- _WHAT IS REQUIRED_
What is needed is an exact copy of the lines from the line holding "Vincent van Gogh" through the end of the material, with no other lines and no pictures.

- _PROVIDED INFORMATION_
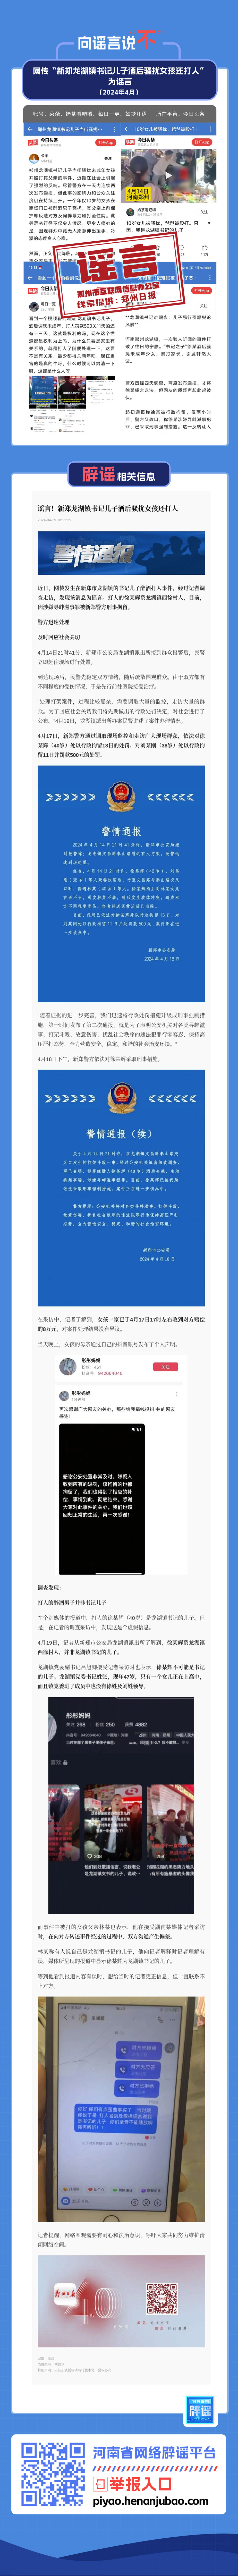 网传“新郑龙湖镇书记儿子酒后骚扰女孩还打人”为谣言
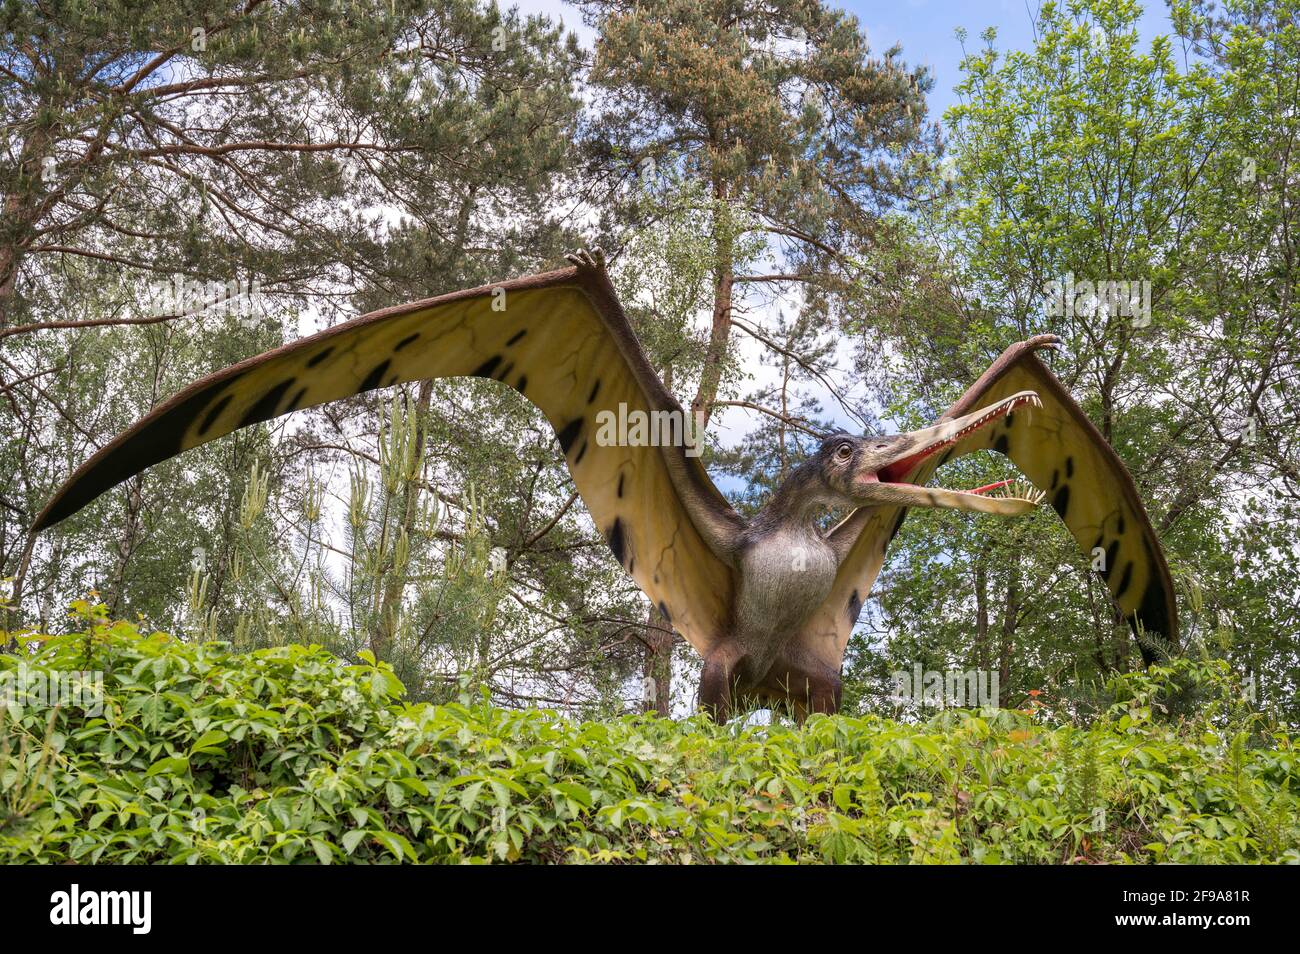 Pterosaur Cearadactylus come modello in Dinopark Münchehagen vicino Hannover. Alare circa 4m, peso circa 15kg, vissuto circa 105 milioni di anni fa (Cretaceo) in Sud America. Foto Stock
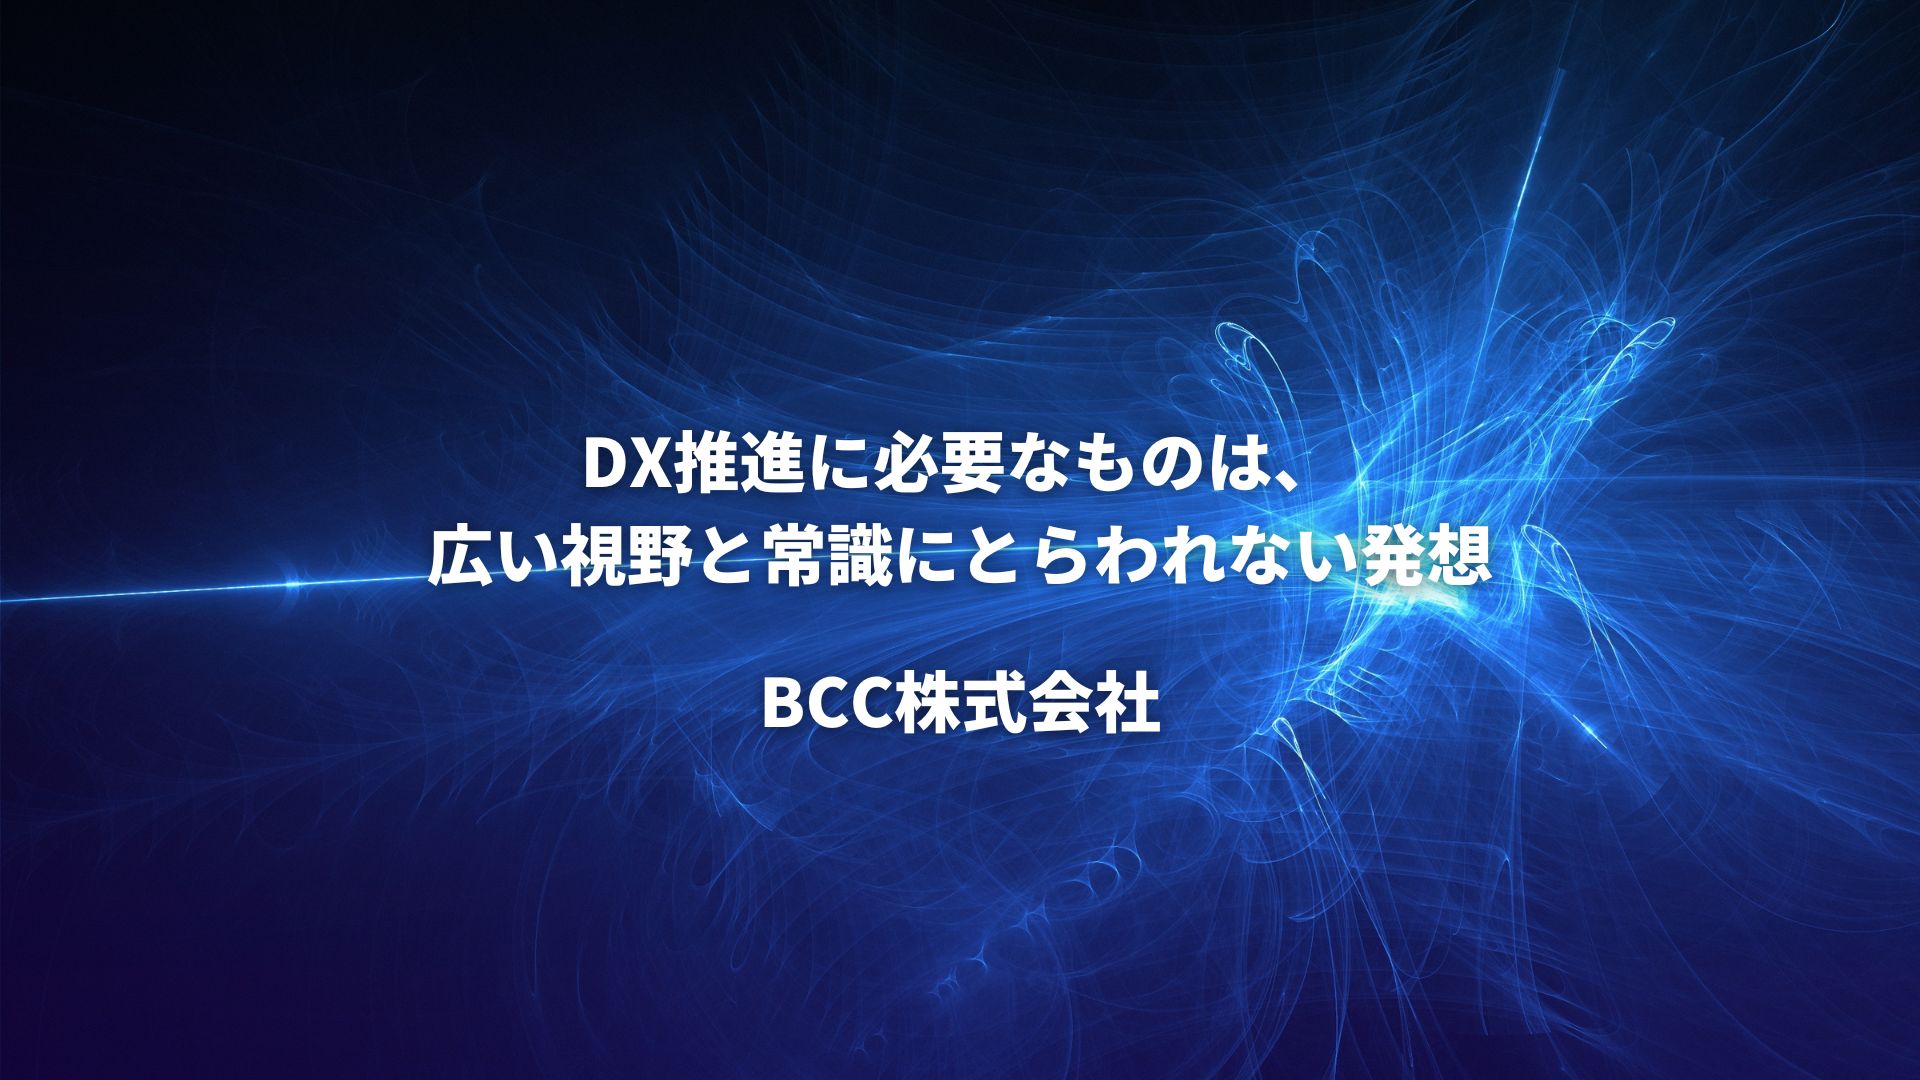 DX推進に必要なものは、広い視野と常識にとらわれない発想【BCC株式
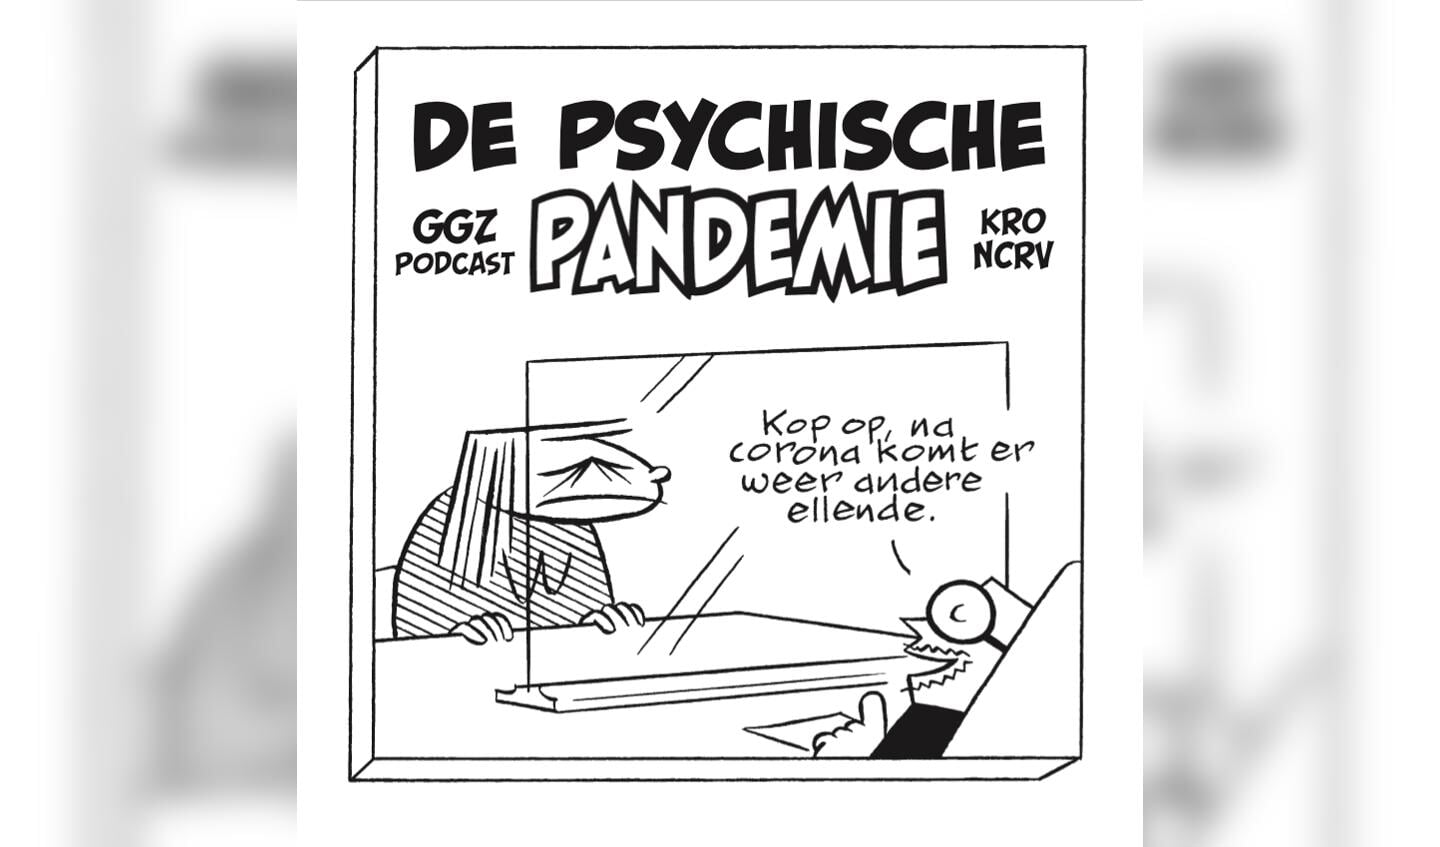 Vincent van Gogh in Venray neemt deel aan de podcastserie De psychische pandemie.
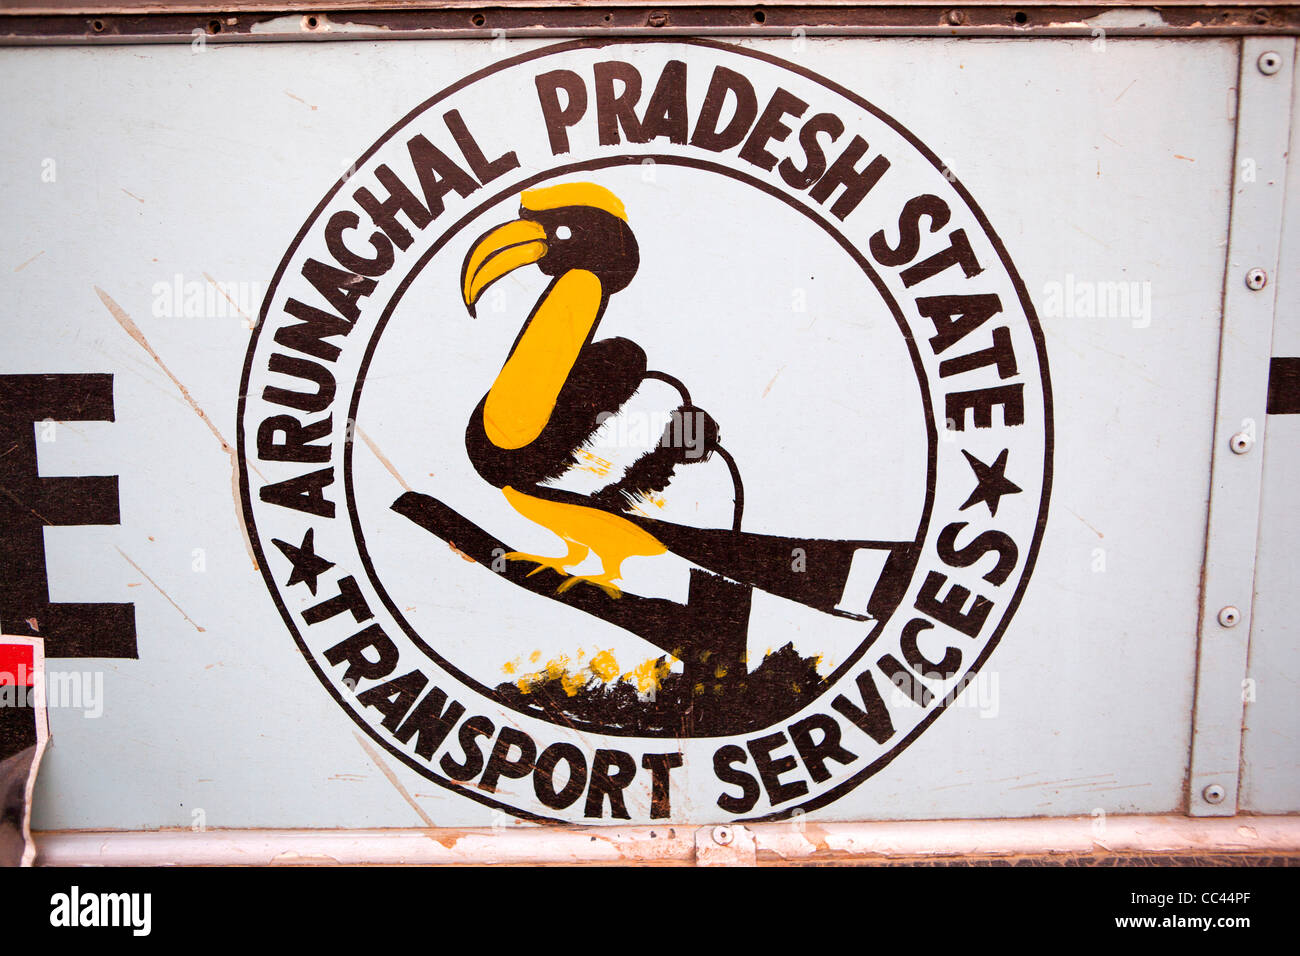 Indien, Arunachal Pradesh, Itanagar, Arunachal Pradesh State Transport Services Hornbill Symbol auf Seite des Busses Stockfoto
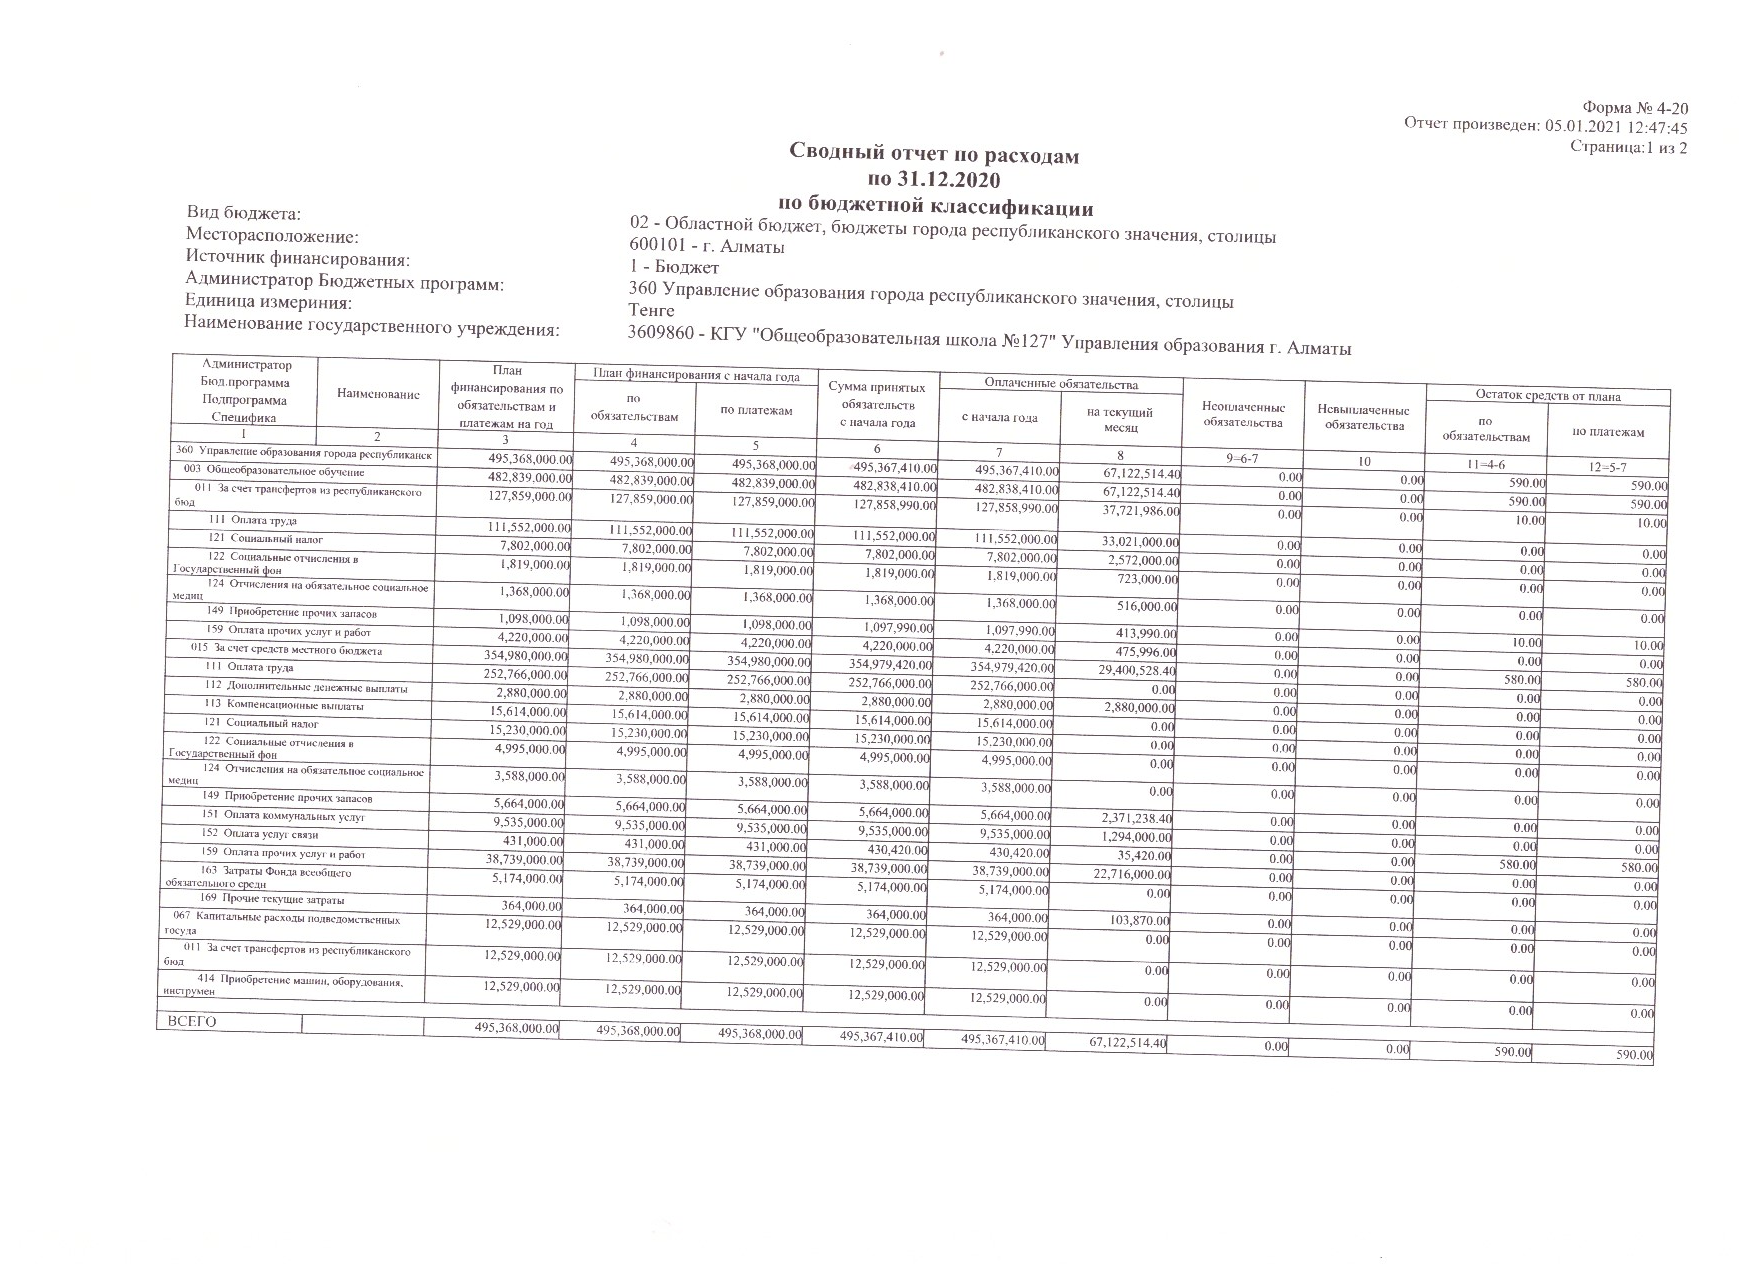 Сводный отчет по расходам по 31.12.2020г . по бюджетной классификации

- _SOLUTION BELOW_
 Vincent van Gogh in Venray neemt deel aan de podcastserie De psychische pandemie.
 Indien, Arunachal Pradesh, Itanagar, Arunachal Pradesh State Transport Services Hornbill Symbol auf Seite des Busses Stockfoto
 Сводный отчет по расходам по 31.12.2020г . по бюджетной классификации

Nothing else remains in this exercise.